Gueldner’s path to VCHS, his wife Mary Catherine’s alma mater, looked a little different, as he accepted the vacant principal’s job just four years ago.

Now stepping into his new role as president, Guelder says that being part of the continuation of VCHS’ legacy can be “intimidating” at times.



“For me, as someone who moved here four years ago and now will become only the third president in the history of the school, it can be intimidating. This school is a staple of this community,” Gueldner says. “It can be daunting when you think about just the history of the school and the impact the school’s had on the community.”

Boudreaux says the key to VCHS’ lasting impact lies first in the success of its students, both within the school’s walls and beyond graduation.

The other factor in its longevity lies in its most important, unchanging factor: its Catholic principles.



Every ounce of formation of educators, administrators and leaders within Brothers of the Sacred Heart schools like VCHS is rooted in the tradition of the charism, or gift, of the Brothers and is passed on to students through education, Boudreaux says. For example, administrators are required to participate in the Coindre Leadership Program, named after Father André Coindre, founder of the Brothers of the Sacred Heart.

“If you look at our mission statement as it exists today, it’s pulled directly from a document from the Brothers,” Gueldner says. “The Brothers have their own vernacular of terms that they use for how the educational experience is supposed to be. I think that, sometimes even when we don’t realize it, the Brothers have worked their way seamlessly into our everyday existence as a school and how we do business.”

A 150-year existence brings a great deal of defining moments along with it.



Some of those moments carry joy and victory.

In 1953, the baseball team won its first state championship in school history. It then went on to win the next four consecutive state championships. At the conclusion of its 1959 season, the football program won its first state championship under the leadership of legendary Head Coach Lucas “Buddy” Marcello, the namesake of the Terrier’s stadium.

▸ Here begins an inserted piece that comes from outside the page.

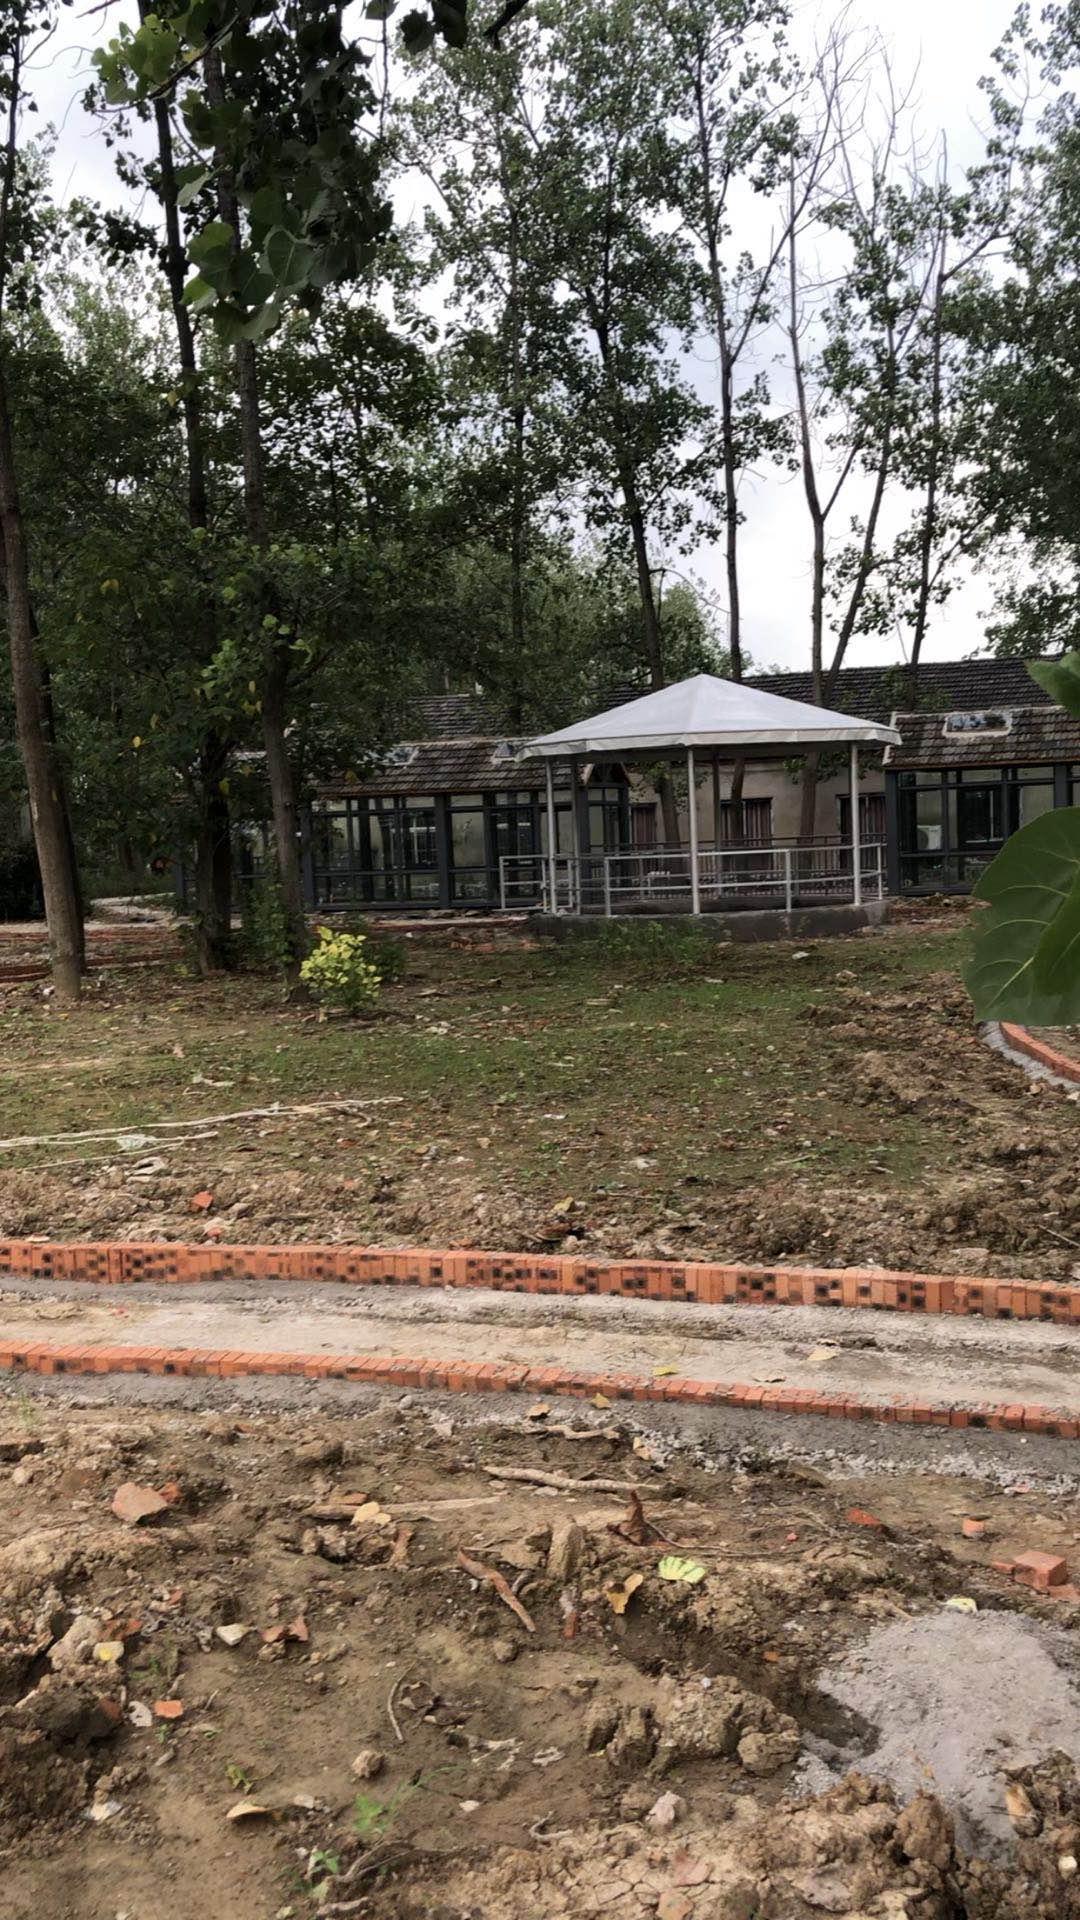 合肥马场(马术基地)10边形篷房搭建完成

Most recently, the school has boasted championships in soccer, volleyball, cheerleading, band and more.

Of course, a school isn’t complete without beloved traditions, both old and new, that leave lifelong memories.

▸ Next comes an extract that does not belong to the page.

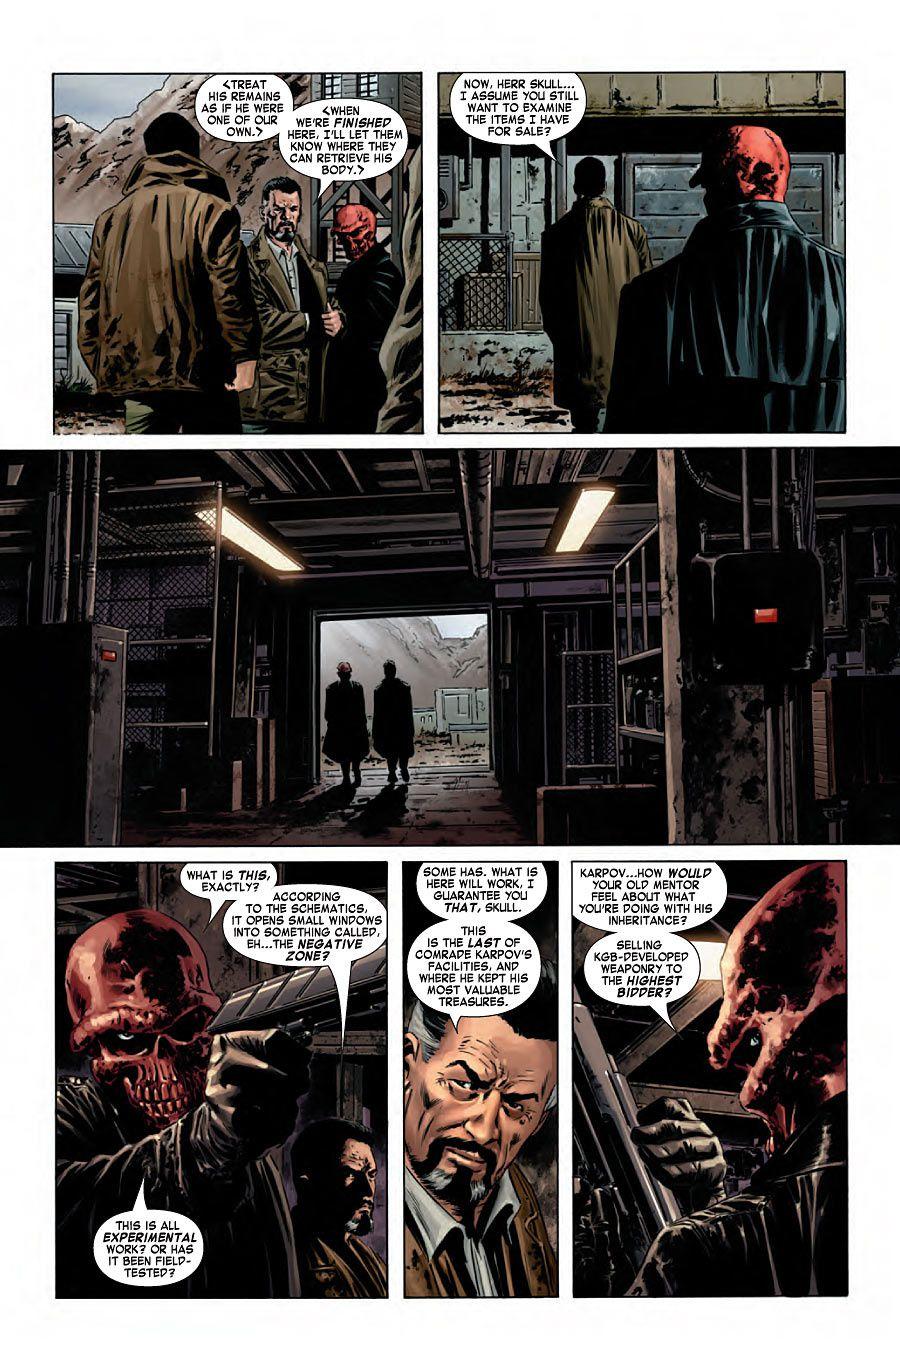 Lazarus tome #4, la preview !

“The first year that we brought back the bonfire and that homecoming pep rally at night, that will always be a special memory,” Gueldner says. “The amount of community participation we had that night, the looks on people’s faces, just the number of people that showed up and just the excitement surrounding that night…those are the nights why you do this job.”

In the midst of the good times, though, come challenges as well.

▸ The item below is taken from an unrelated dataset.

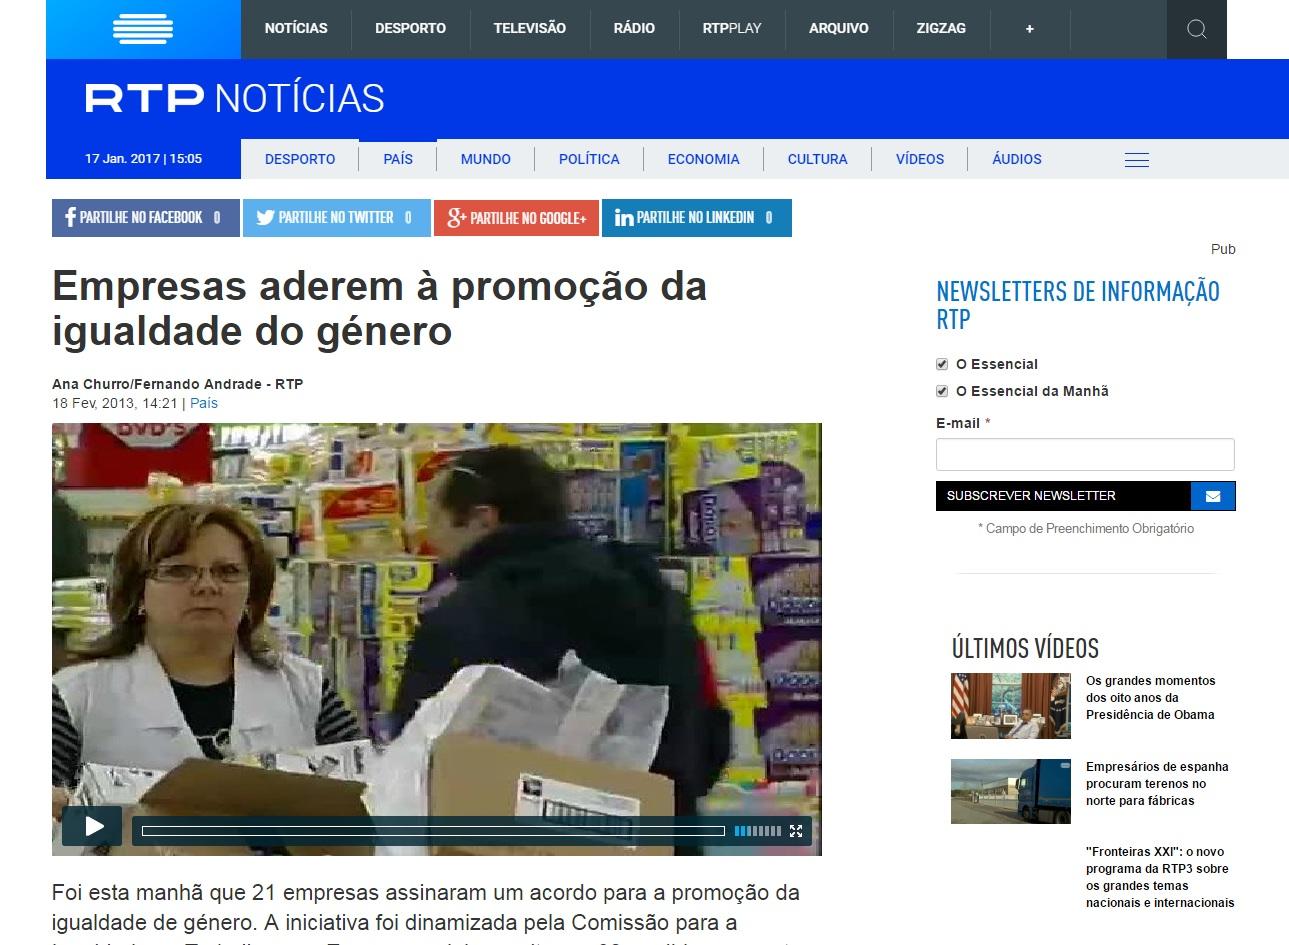 Imagem - RTP Notícias - Empresas aderem à promoção da igualdade de género

Most recently, the school has faced its greatest challenge in the last few years with the effects of the ongoing COVID-19 pandemic.



For a school that has survived the yellow fever epidemic, global conflicts, the Great Depression and other economic recessions, devastating hurricanes and more, though, there is always hope.

“It’s incredible when you look back and realize that this school and the history of this school has spanned two world wars [and] multiple conflicts. If you just think about the history of our country since 1870…you realize that this school has been present for all of those incredible moments in history,” Gueldner says.

“Sometimes we as a faith community are best when things are at their worst,” Boudreaux says. “I remember how, as a community, we respond to tragedy, but I also have some very poignant memories of how, as a community, we reacted to triumphs…Listening to some of the students from years ago, [and] they relive that, I think they’re drawn to triumphs and tragedies.”



As VCHS faces new challenges and experiences new joys into its future, its legacy will live on through the shared vision of those who are a part of it, Boudreaux and Gueldner say.

“The only thing I think that’s certain is that the world changes. In 150 years, the world has changed. In one way, we’ve remained the same because it’s the same message of Christ, but what sets Vandebilt apart is that we’re willing to change to make sure that our students are prepared for the world of today and tomorrow,” Boudreaux says.